**Input for this task:**
· · ·

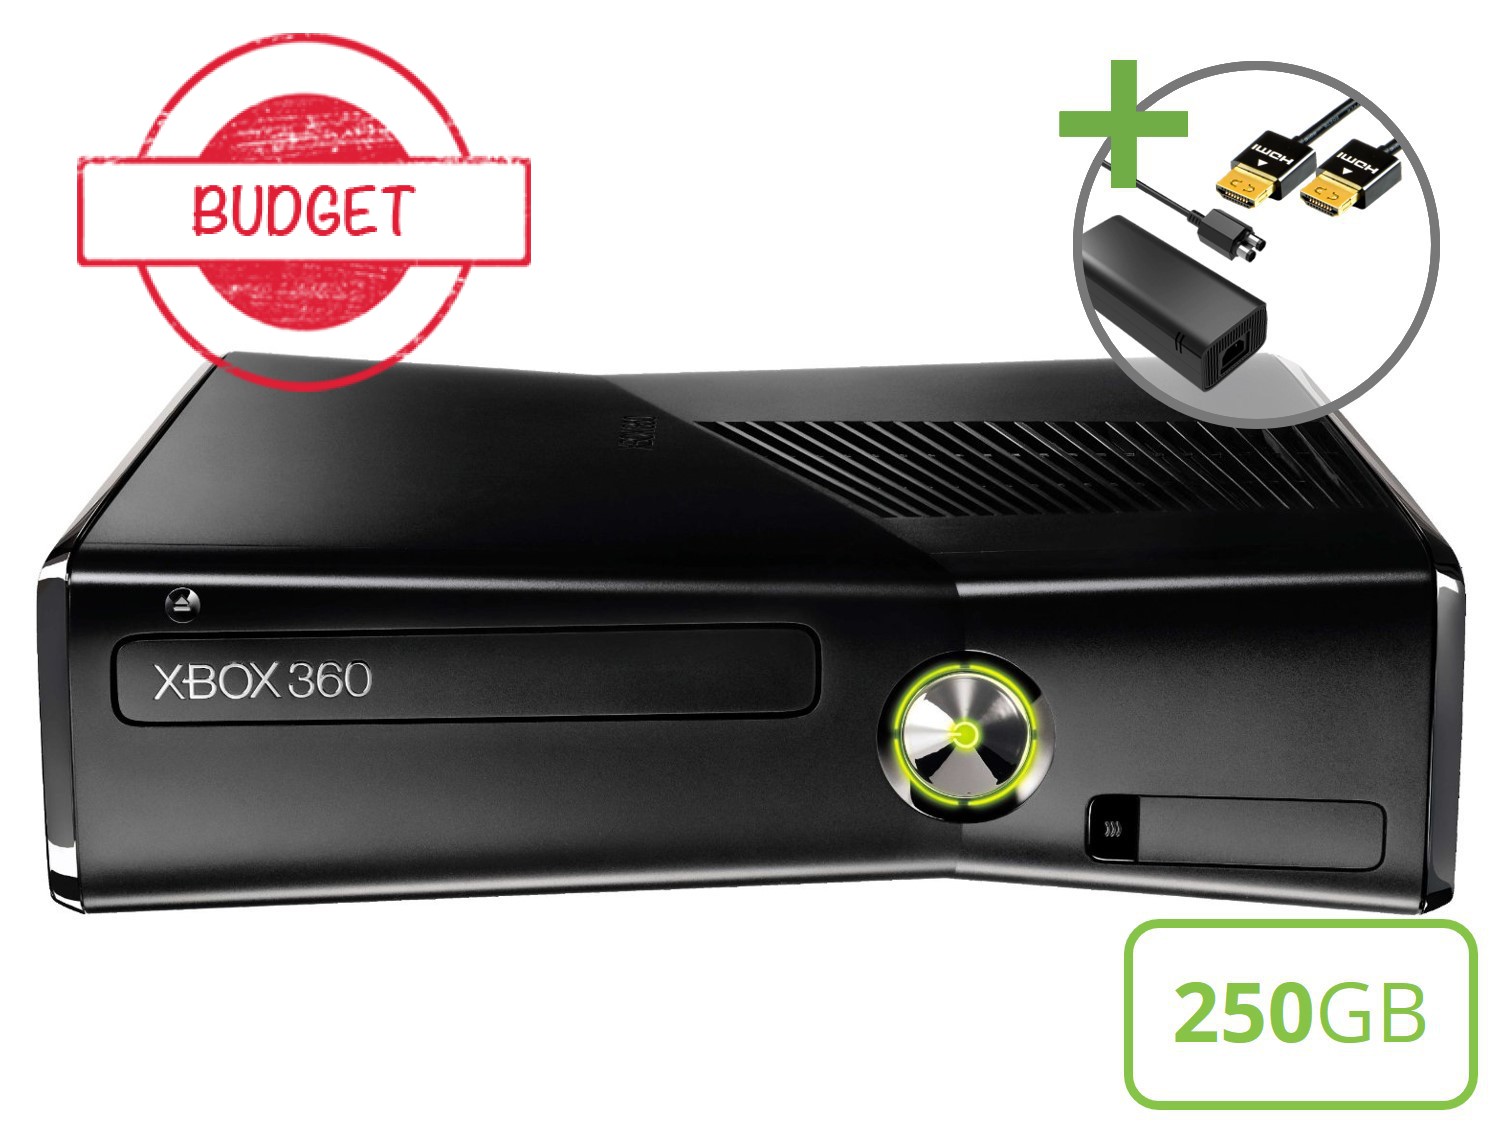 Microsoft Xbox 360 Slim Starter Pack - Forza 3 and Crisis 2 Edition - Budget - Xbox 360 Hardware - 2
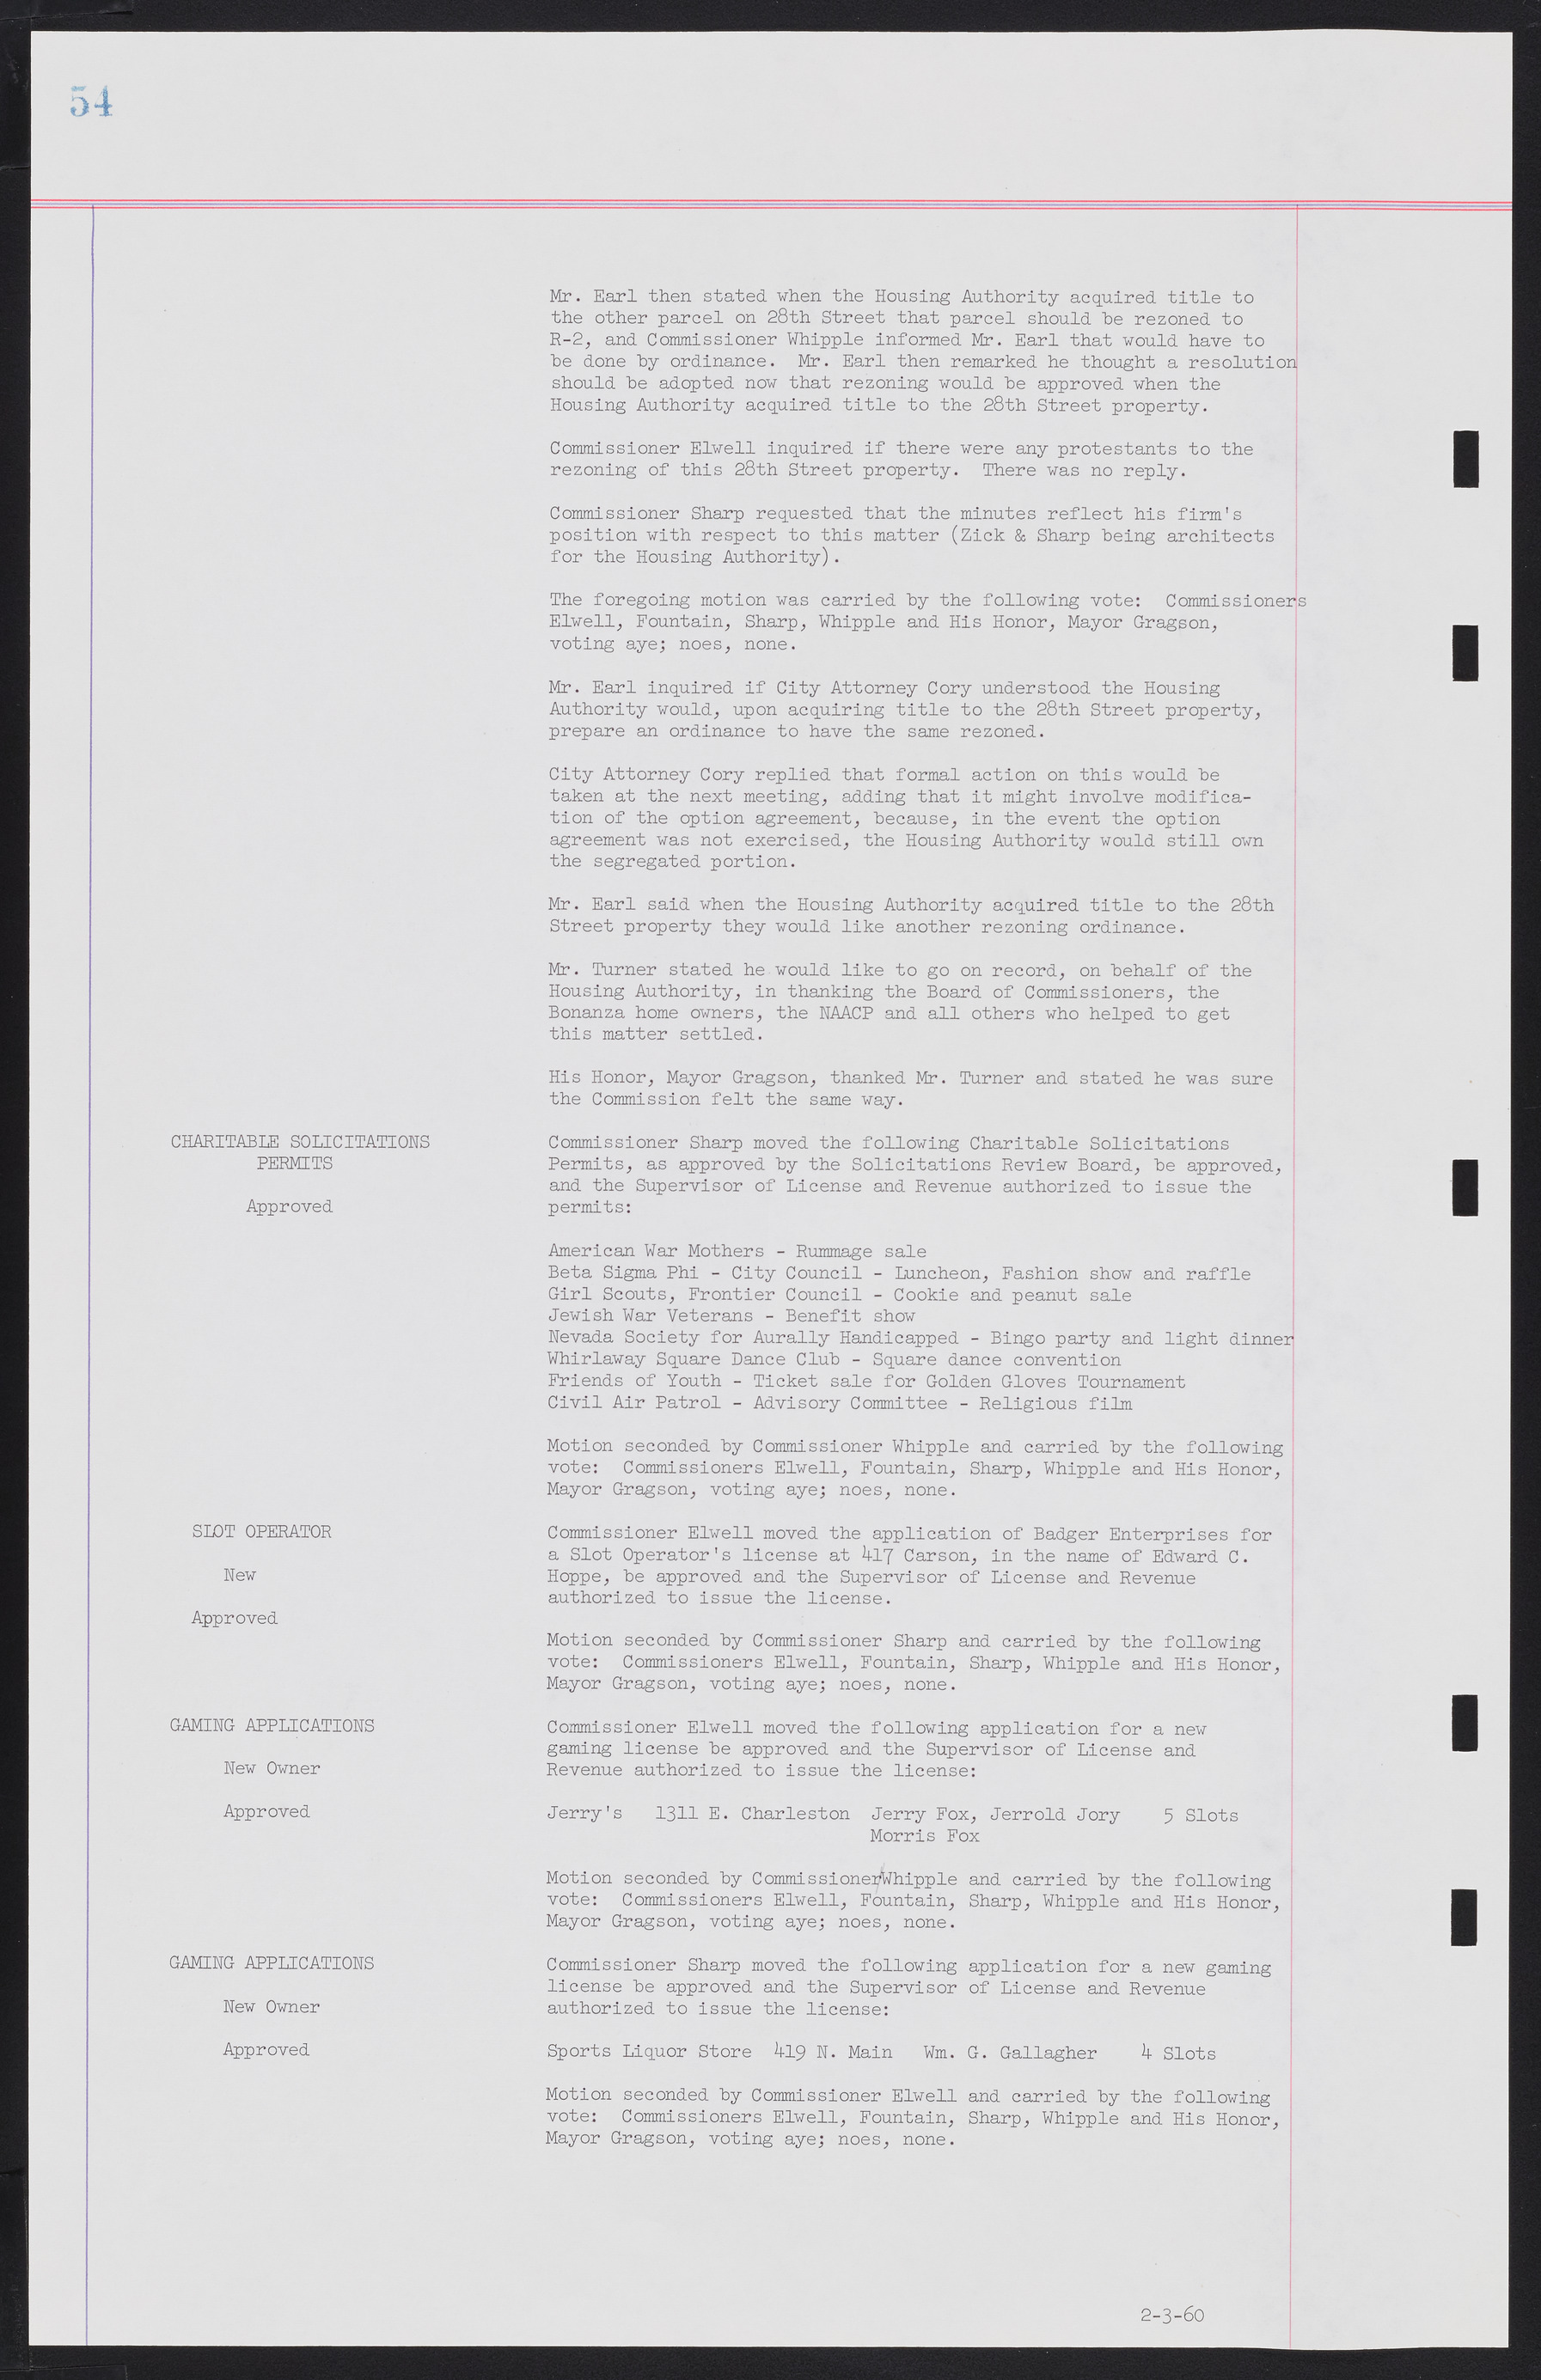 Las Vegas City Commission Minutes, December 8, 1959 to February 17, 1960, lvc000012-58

· · ·

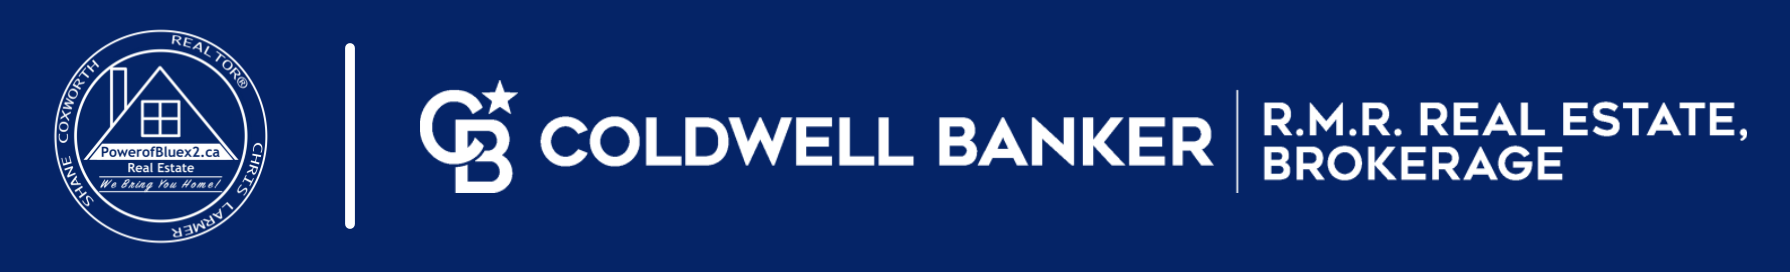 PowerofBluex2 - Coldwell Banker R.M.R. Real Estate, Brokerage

· · ·

Word for word, repeat the lines above from the one with "Microsoft Xbox 360" through the one with "Las Vegas City", and nothing beyond them. Omit the pictures.

 Microsoft Xbox 360 Slim Starter Pack - Forza 3 and Crisis 2 Edition - Budget - Xbox 360 Hardware - 2
 Las Vegas City Commission Minutes, December 8, 1959 to February 17, 1960, lvc000012-58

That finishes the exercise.